DATA FOR THIS EXERCISE:
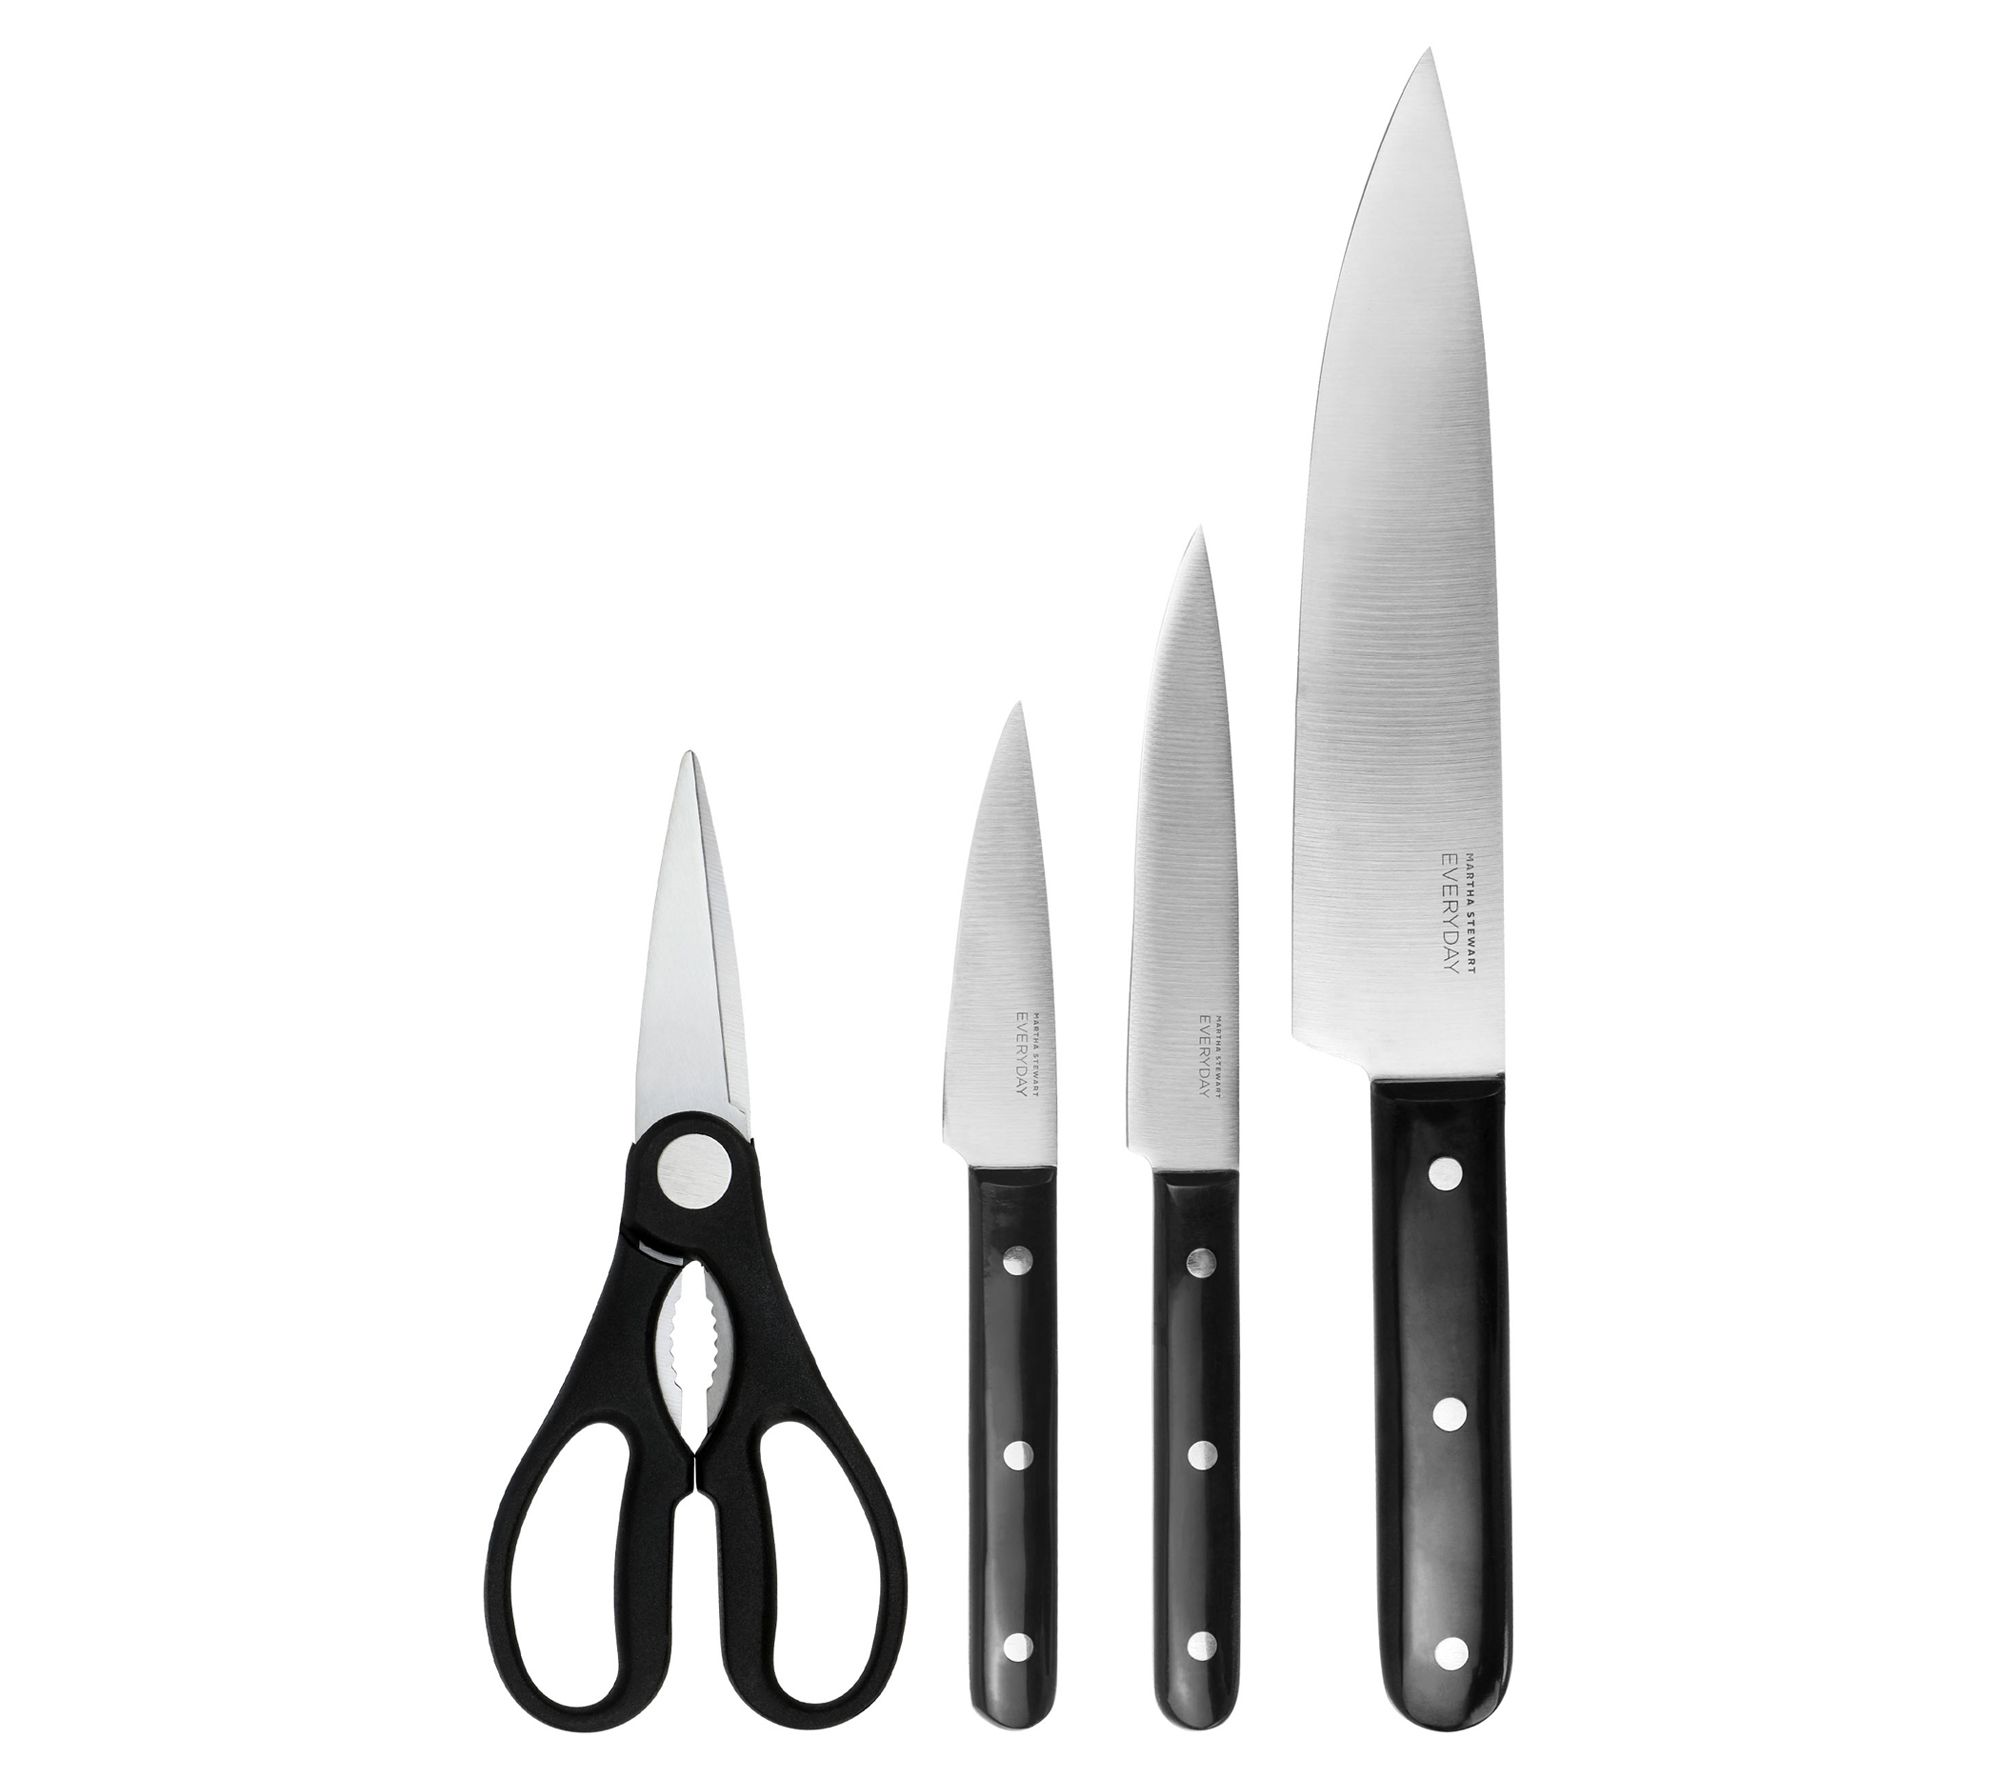 Martha Stewart 9-Piece Stainless Steel Kitchen Gadget and Tool Set
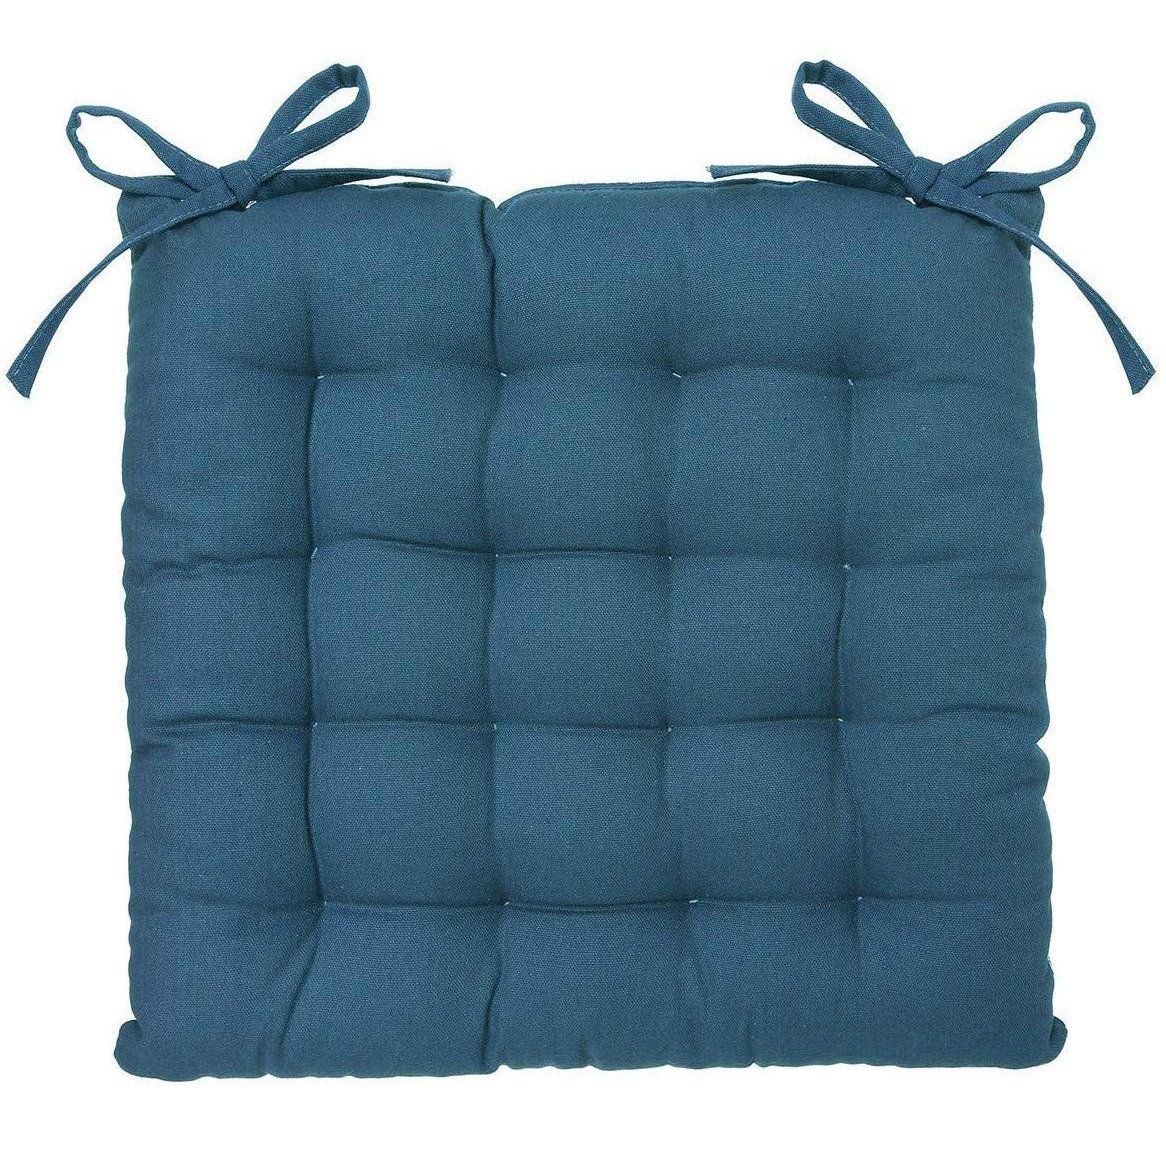 Atmosphera Modrý polštář na židli s bavlny, 38x38 cm - EMAKO.CZ s.r.o.
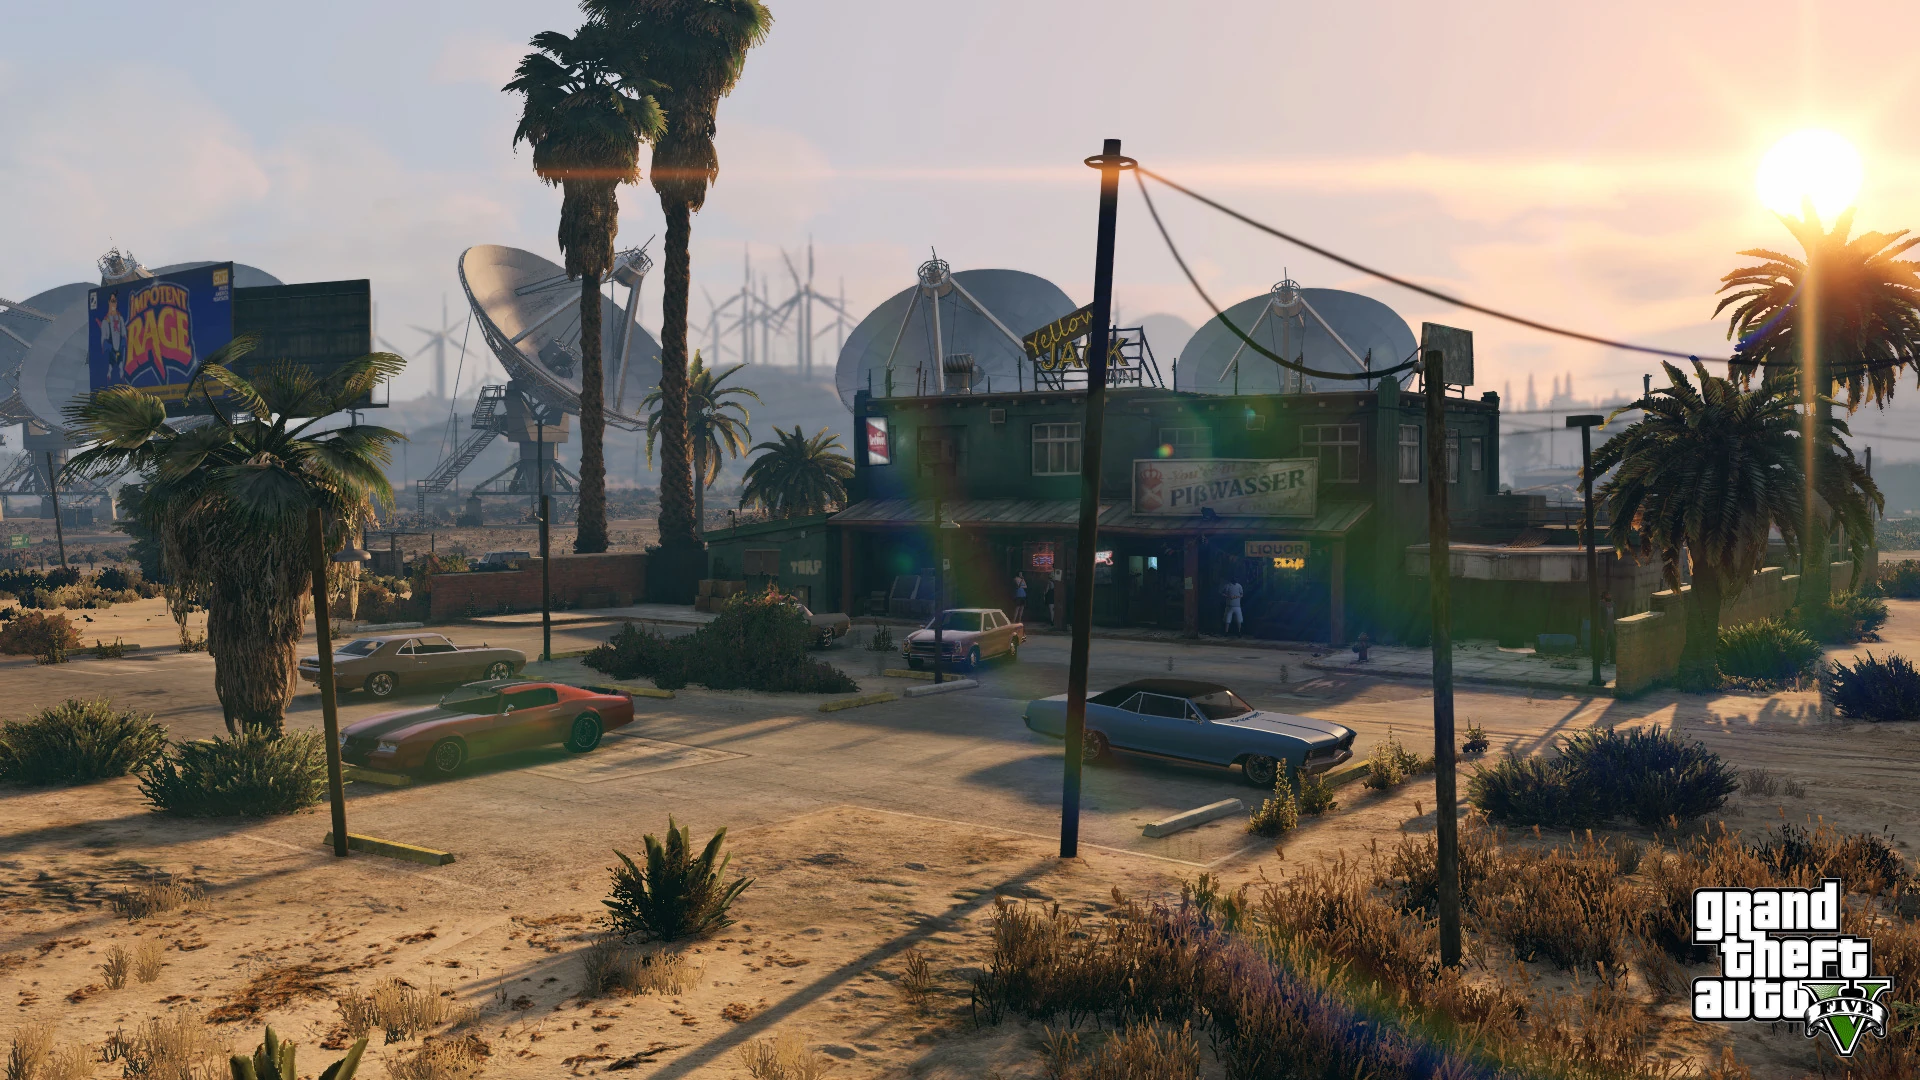 Grand Theft Auto V - PS4 Screenshot 13 - Locação
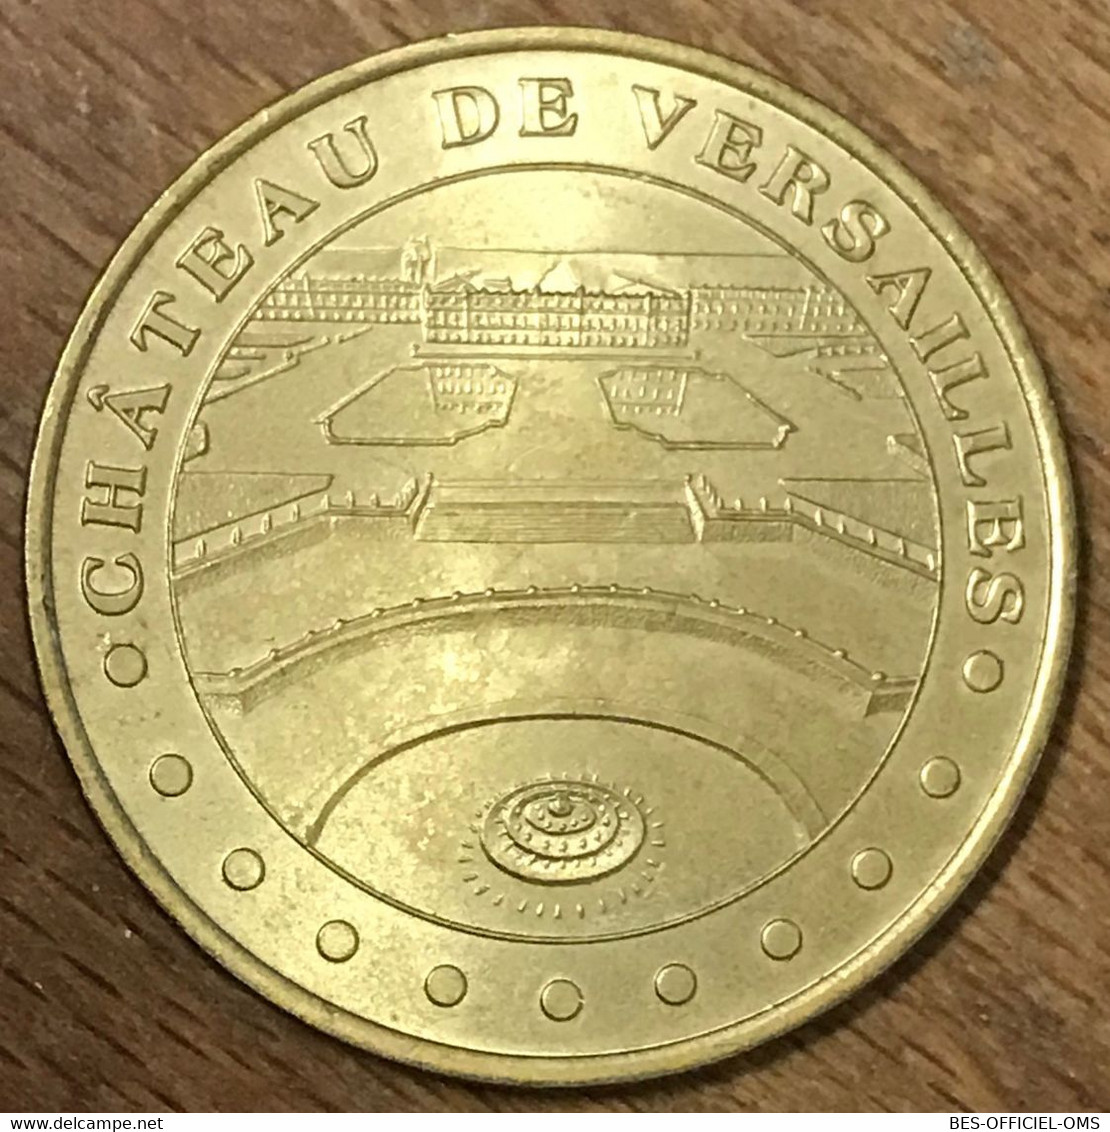 78 CHÂTEAU DE VERSAILLES MDP 2001 MÉDAILLE SOUVENIR MONNAIE DE PARIS JETON TOURISTIQUE MEDALS COINS TOKENS - 2001
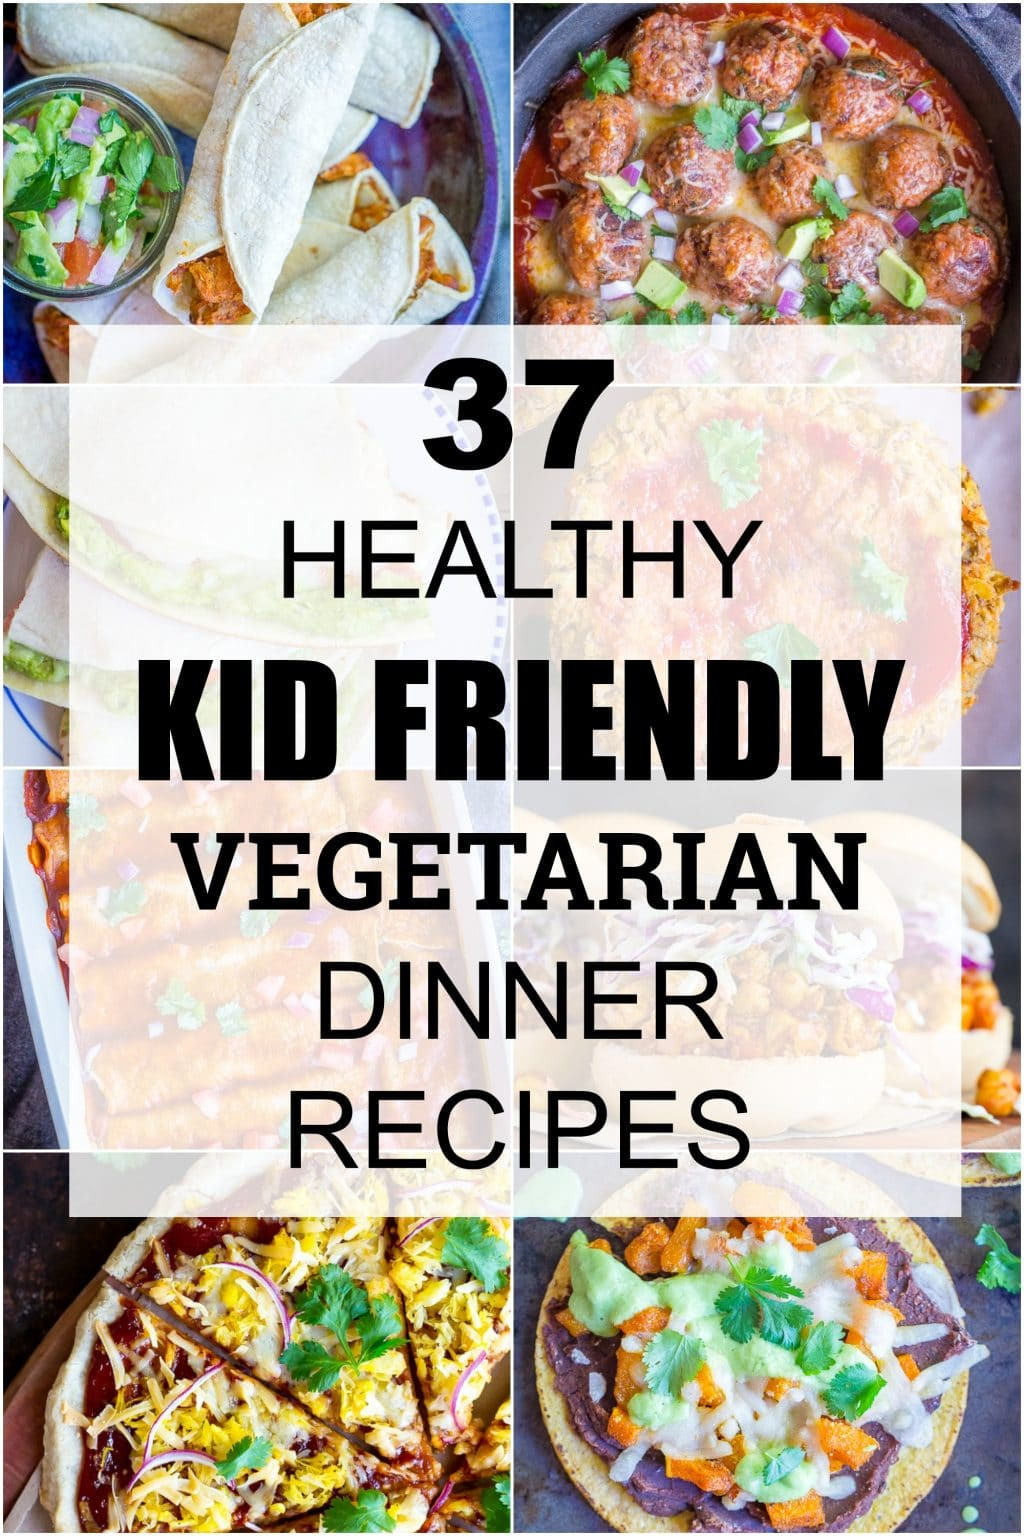 Easy Vegetarian Dinner Recipes
 37 Healthy Kid Friendly Ve arian Dinner Recipes She

TASK TO COMPLETE: Set the listing down again exactly, skipping each picture.

EXERCISE OUTPUT:
 Martha Stewart 9-Piece Stainless Steel Kitchen Gadget and Tool Set
 Atmosphera Modrý polštář na židli s bavlny, 38x38 cm - EMAKO.CZ s.r.o.
 Grand Theft Auto V - PS4 Screenshot 13 - Locação
 78 CHÂTEAU DE VERSAILLES MDP 2001 MÉDAILLE SOUVENIR MONNAIE DE PARIS JETON TOURISTIQUE MEDALS COINS TOKENS - 2001
 Easy Vegetarian Dinner Recipes
 37 Healthy Kid Friendly Ve arian Dinner Recipes She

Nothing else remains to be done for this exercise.